* _Task data_:
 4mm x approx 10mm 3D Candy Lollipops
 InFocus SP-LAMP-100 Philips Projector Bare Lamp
---
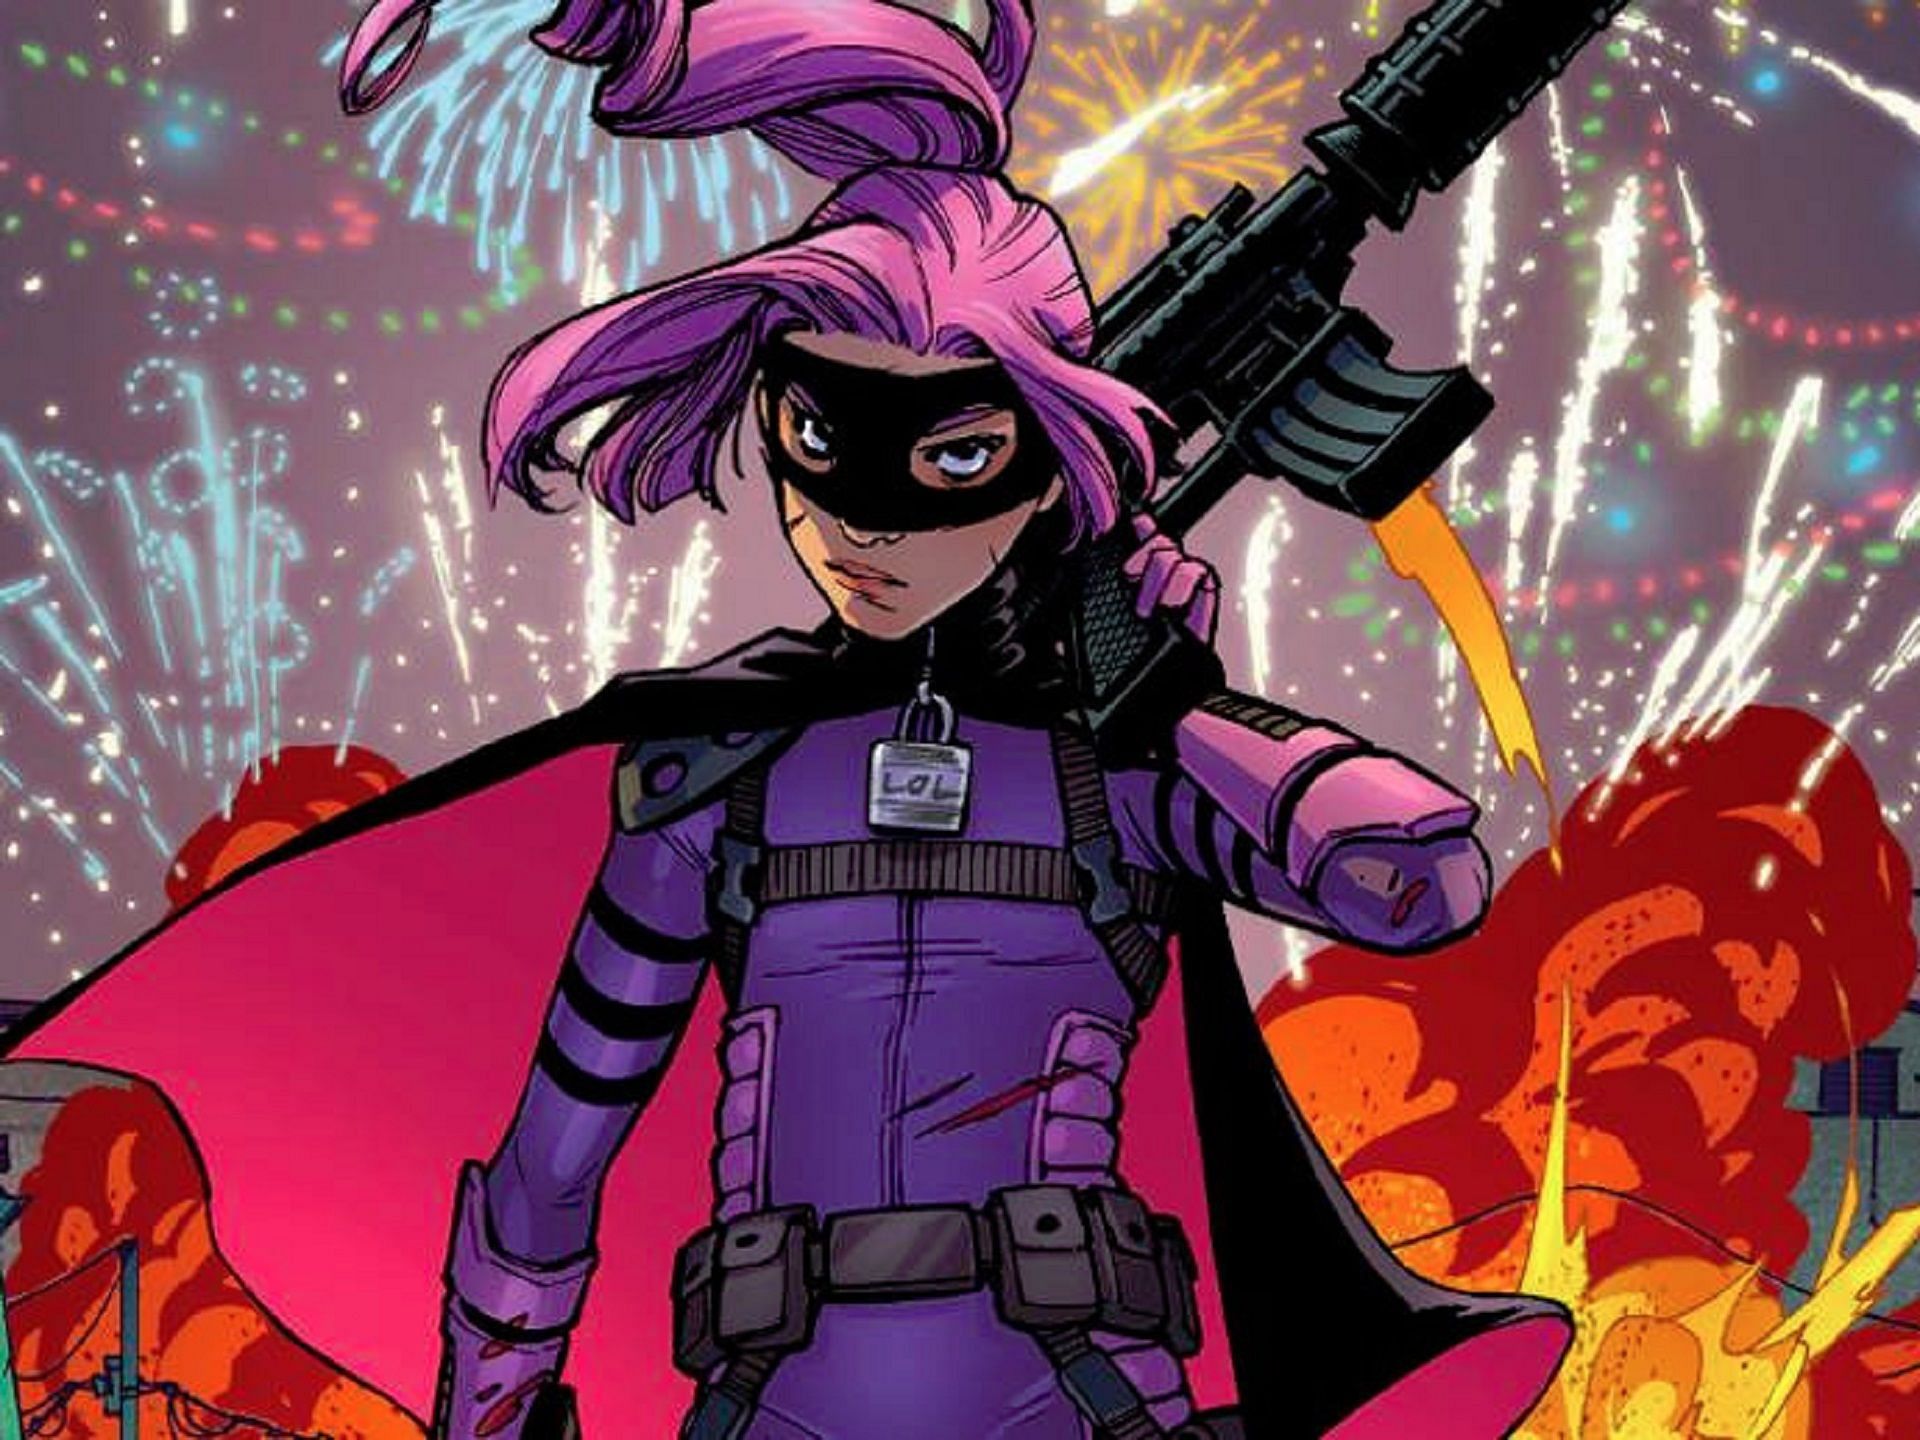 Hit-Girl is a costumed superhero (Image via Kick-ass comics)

* _Brief_: Keep both end lines and retype everything in the records above from the line containing "4mm x approx 10mm 3D Candy Lollipops" through the line containing "InFocus SP-LAMP-100 Philips", exactly, with nothing else.

* _Final answer_:
 4mm x approx 10mm 3D Candy Lollipops
 InFocus SP-LAMP-100 Philips Projector Bare Lamp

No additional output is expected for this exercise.